Figure 2.5 Bacteria detected using the CARD-FISH probe EUB338-1 at 420 mbs. (Image credit: the authors).

The results obtained so far in the MARTE and IPBSL drilling projects give us the following scenario: as groundwater encounters the volcanogenic-hosted massive sulfide (VHMS) system, both biotic and abiotic processes are triggered. Electron donors available for microbial metabolism include metal sulfides, ferrous iron, , hydrogen, nitrite and reduced organic matter. The list of possible electron acceptors includes ferric iron, sulfate, nitrate and CO₂. These compounds can support different anaerobic respiration metabolisms. This is not a complete list; further analysis of the enrichment cultures allowed us to isolate microorganisms developing in the strict anaerobic conditions detected in the subsurface [2.88] [2.67] and their physiological and genomic characterization should provide new insight into the array of metabolisms operating in the subsurface of the IPB. These results confirm the hypothesis that microorganisms are active in the subsurface of the IPB and are responsible for the extreme conditions detected in the river. This observation has important astrobiological implications [2.11] [2.43].

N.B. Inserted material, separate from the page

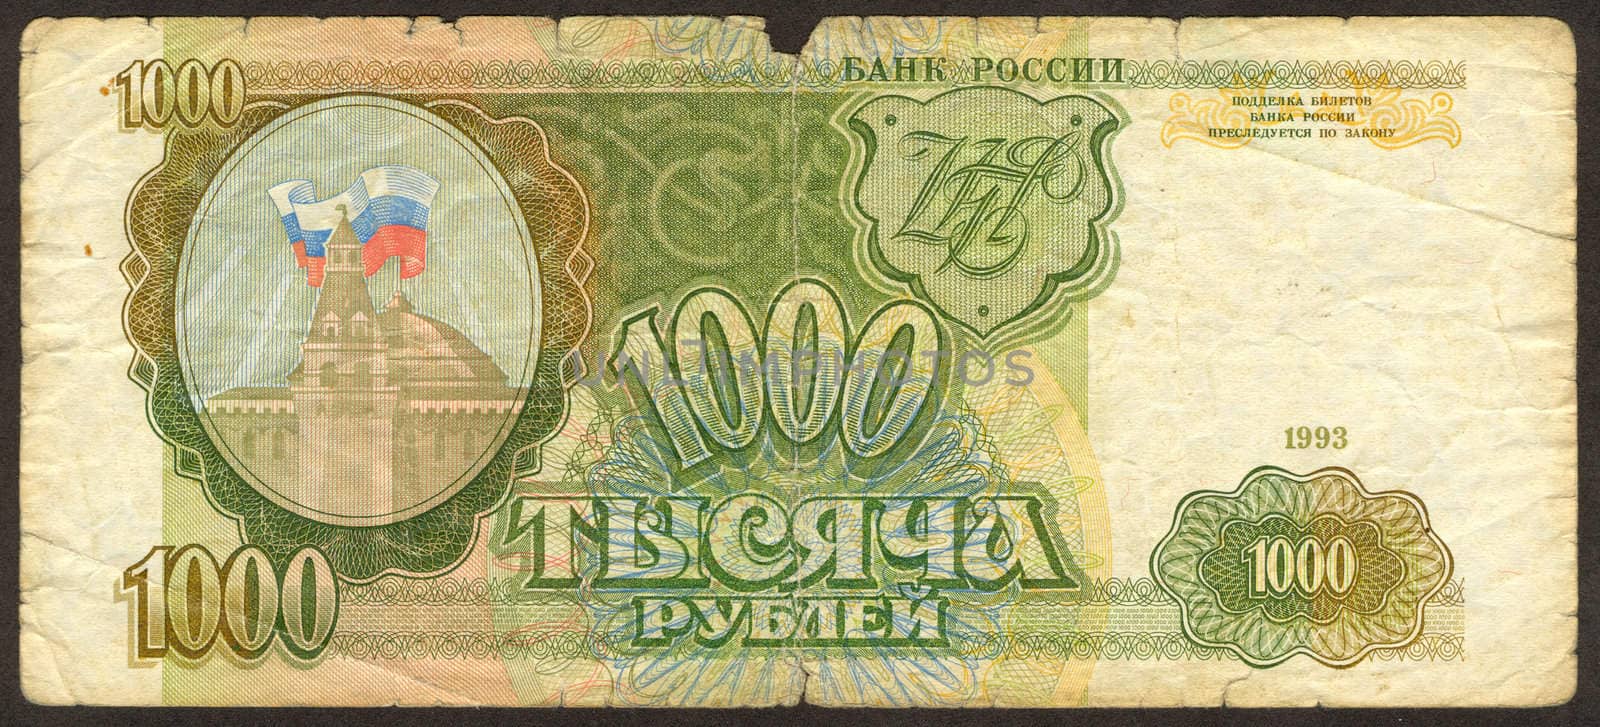 The scanned image of Soviet money. One thousand roubles, are made in 1993.
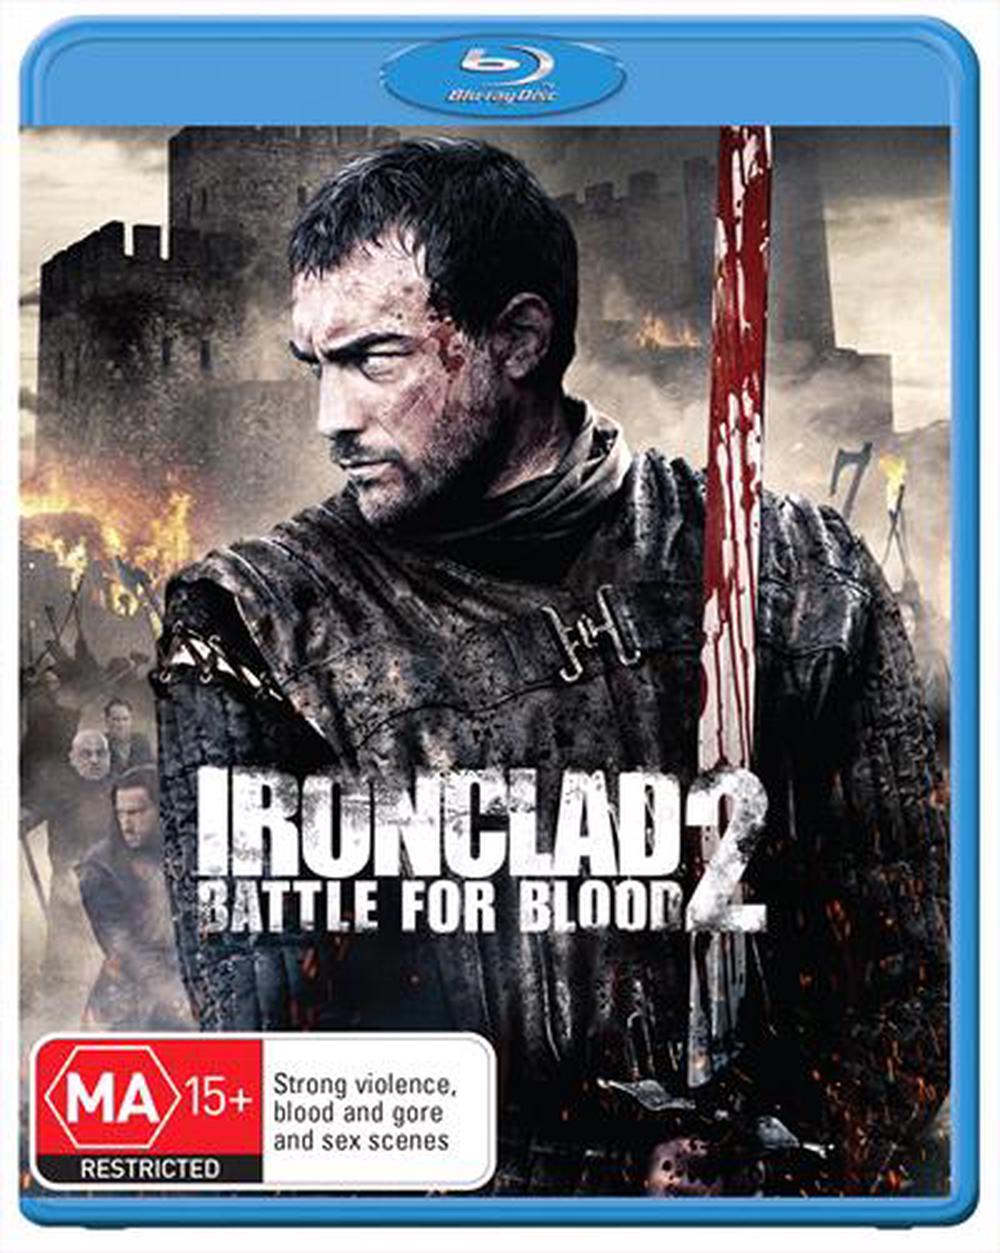 Ironclad / Ironclad 2 - Battle For Blood, Blu Ray | Buy online at The Nile

2.7 Methanogenesis in Non-Methanogenic Conditions

      Although methane can be produced abiotically, more than eighty per cent of the methane existing in the Earth atmosphere is generated by methanogenic archaea. With only a few exceptions, methanogenic activities are normally detected in environments with circumneutral pH and negative (reduced) redox potentials [2.66] [2.102]. These conditions are very different from those detected in the Tinto basin (acidic and high (oxidized) redox potentials). For a long time, methanogenic activities were not considered to be operating in the Tinto basin for this reason.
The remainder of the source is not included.